Price is enough of a deterrent that Beta lost to VHS. Though broadcasters and commercial companies didn't start to get rid of Beta until the last couple of years - they never adopted VHS. We had Beta because it was better.

Actually my parents still have their Beta and use it to watch their legacy (aka old) movies. The best thing about visiting them is all the classic Star Trek that looks so good on a Beta tape in a quality machine.

The problem is the average consumer is perfectly happy shelling out $10 - to $30 a month for a crapple (sorry meant cable) dvr that is usually not even HD, for a box they will never own that is certainly no equal to TiVo. Don't know about all the cable markets, but where I live the UI has ads. More than one and they make it hard to see the scheduled programs.

And of course the stand alone Moxi box itself has no ads, they are brand new and have a tiny customer base. Sure you can purchase a stand alone Moxi and get their guide service for 'free' (at $800 it better be free), and it does not have ads. We won't even discuss the boxes this same company makes for cable companies that have *gasp* ads... Must be the guide data supplier putting them there, Moxi would never allow that to happen to one of their boxes.

Assuming you actually get an actual service contract with the Moxi purchase, I would read it very carefully. Just where do they promise in writing that you will never see ads on the stand alone box they are selling? (I have not been able to find this in writing). I am hopeful someone can make this clear to me - after all, without a monthly sub base - what incentive do they have to keep you happy after you purchase their box?


----------



## solutionsetc (Apr 2, 2009)

daveak said:


> Price is enough of a deterrent that Beta lost to VHS.

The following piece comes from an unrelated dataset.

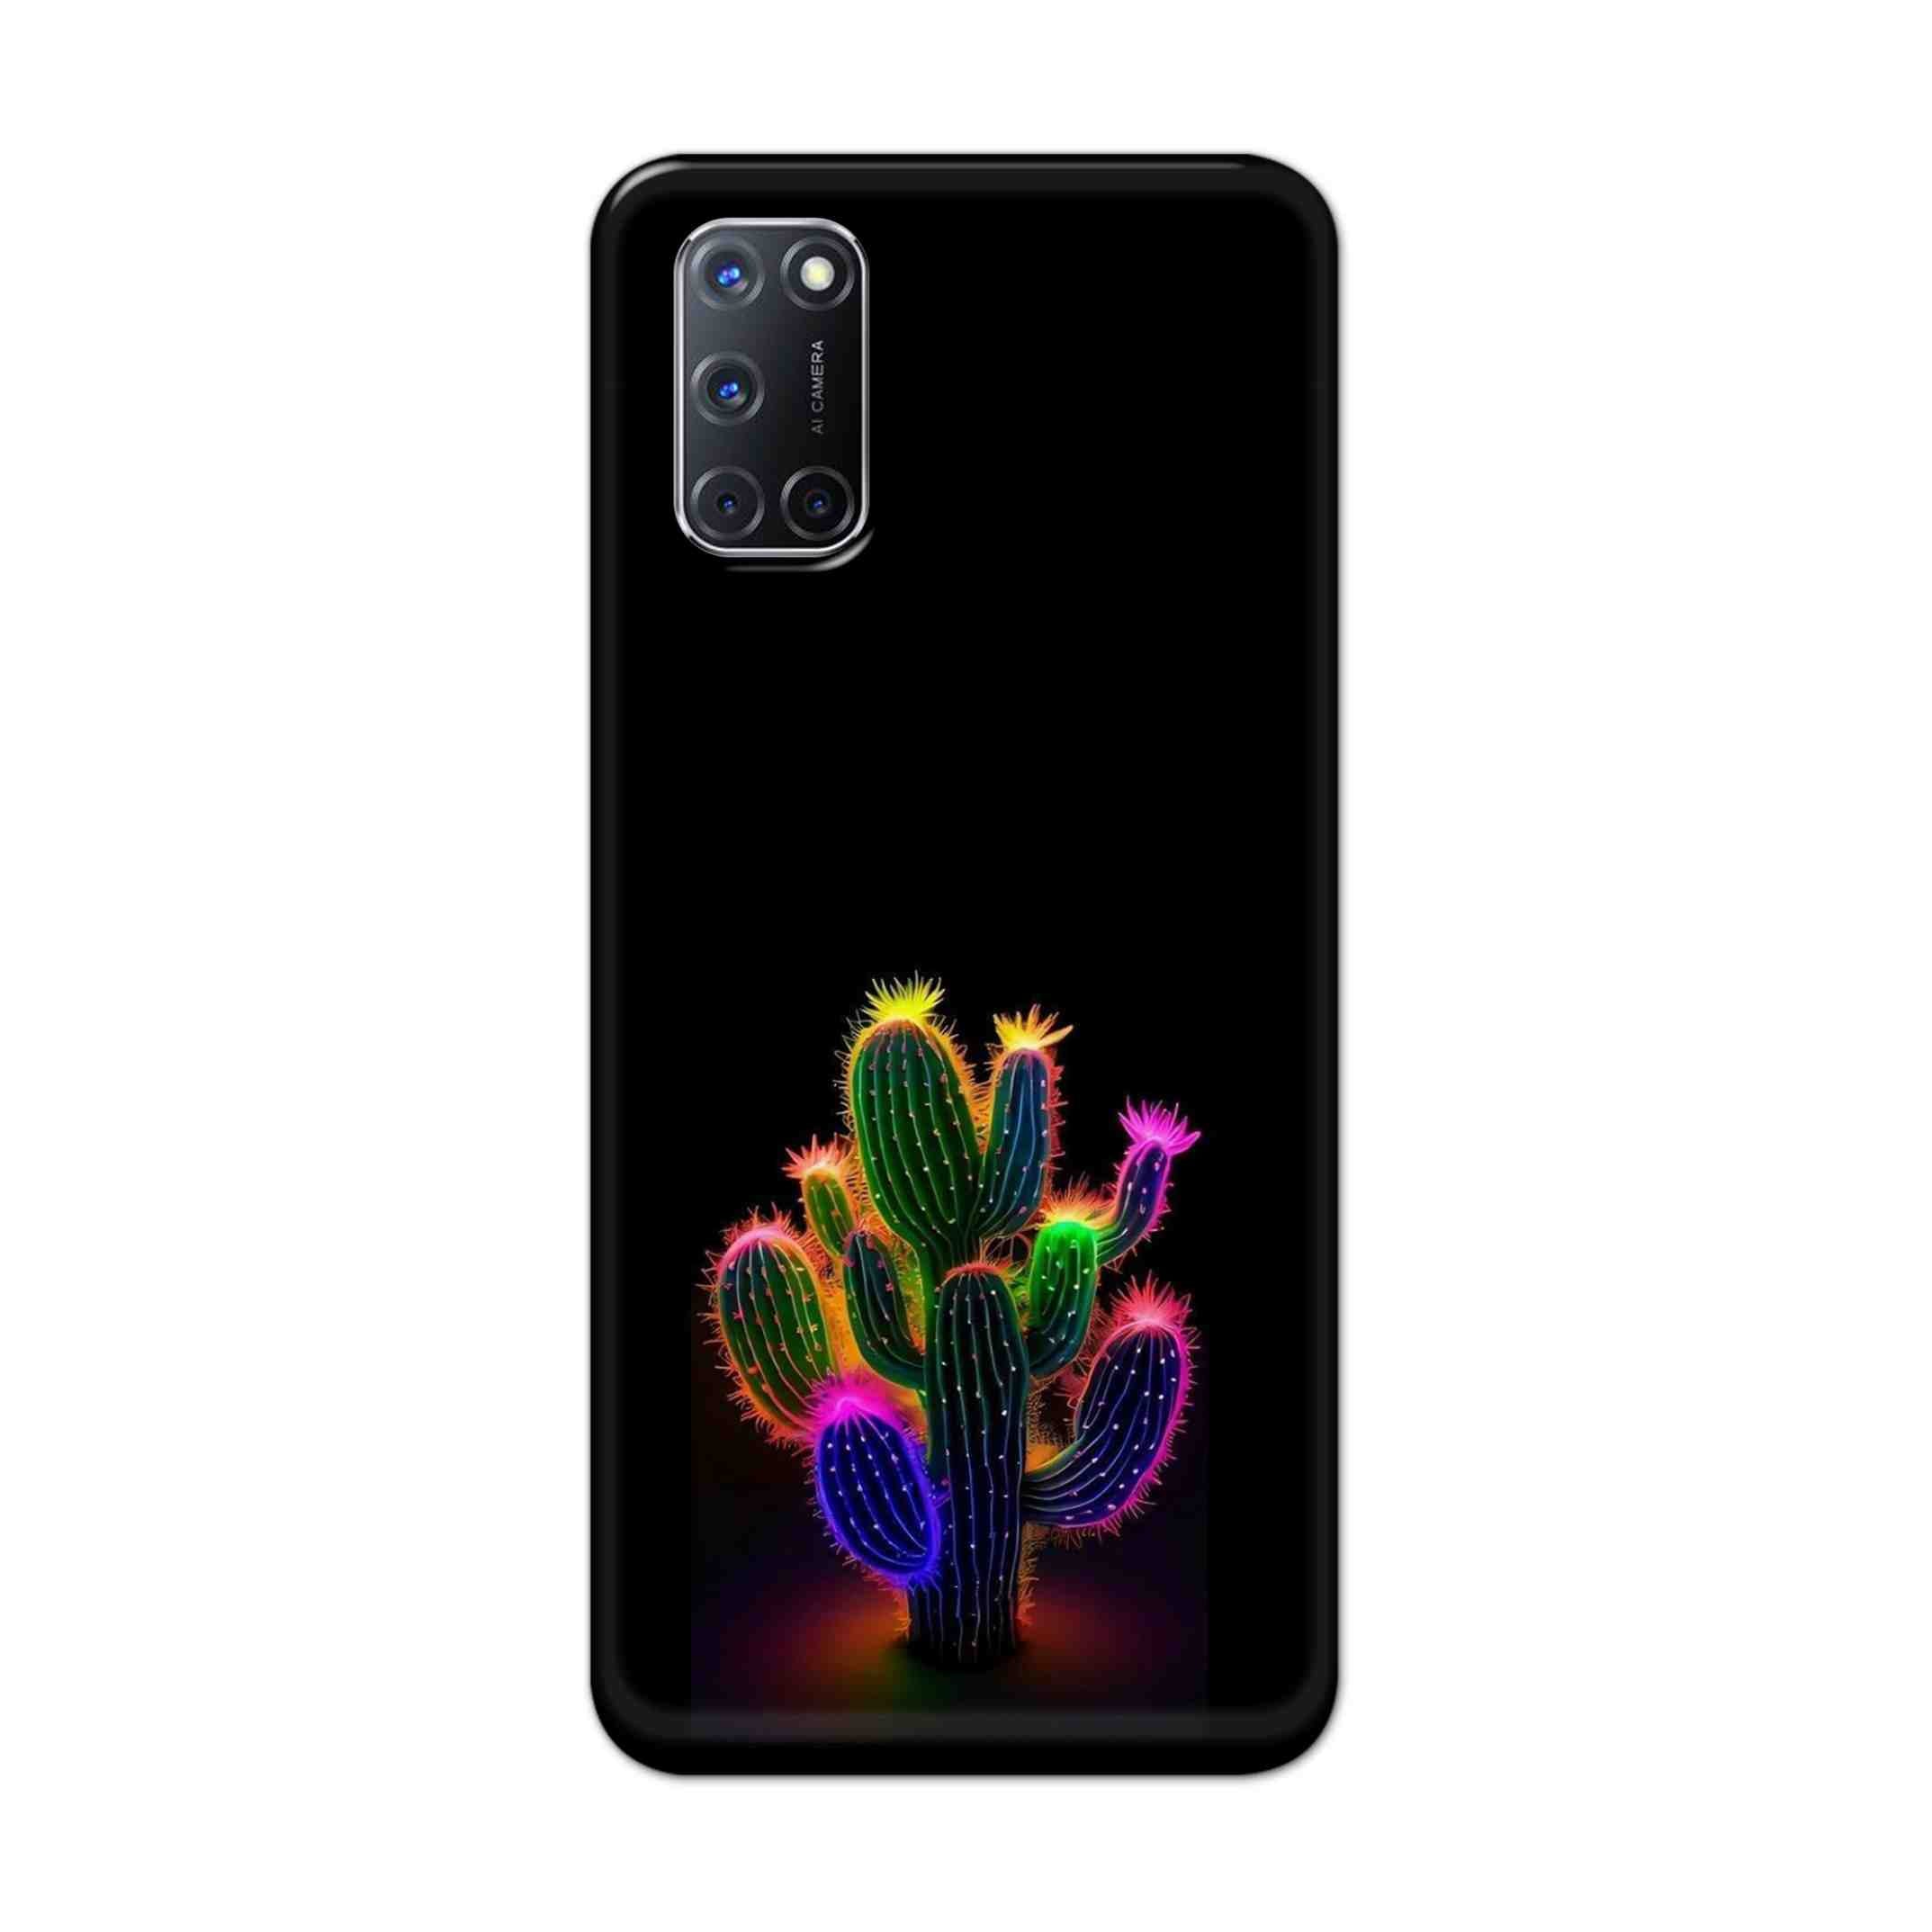 Buy Neon Flower Hard Back Mobile Phone Case Cover For Oppo A52 Online

Actually, consumer Beta died because Sony missed the boat on 4 and 6 hour tapes/record modes. Folks didn't care about quality but were desperate for more than a couple of hours of unattended recording.


----------



## ZeoTiVo (Jan 2, 2004)

parzec said:


> I really don't [FOR MORE INFORMATION ON COKE CLICK HERE] see what all the [SEE THE NEW LEXUS HERE] complaining is about. If somebody wants to promote a product [SEE THE LATEST ON THE MOXI DVR HERE] that is their right. I mean, we live in a capitalistic society [CLICK HERE FOR INFORMATION ON MCONALDS McCAFE] and ads will gradually [HAVE YOU TRIED BLU-RAY - CLICK HERE FOR MORE INFORMATION] migrate to all forms of communication and products[PRESS PAUSE TO TEMPORARILY DISABLE THESE ADS]


yep, and if you had any new and informative content that I was willing to deal with the ads over then you could make some moeny and make the content even better.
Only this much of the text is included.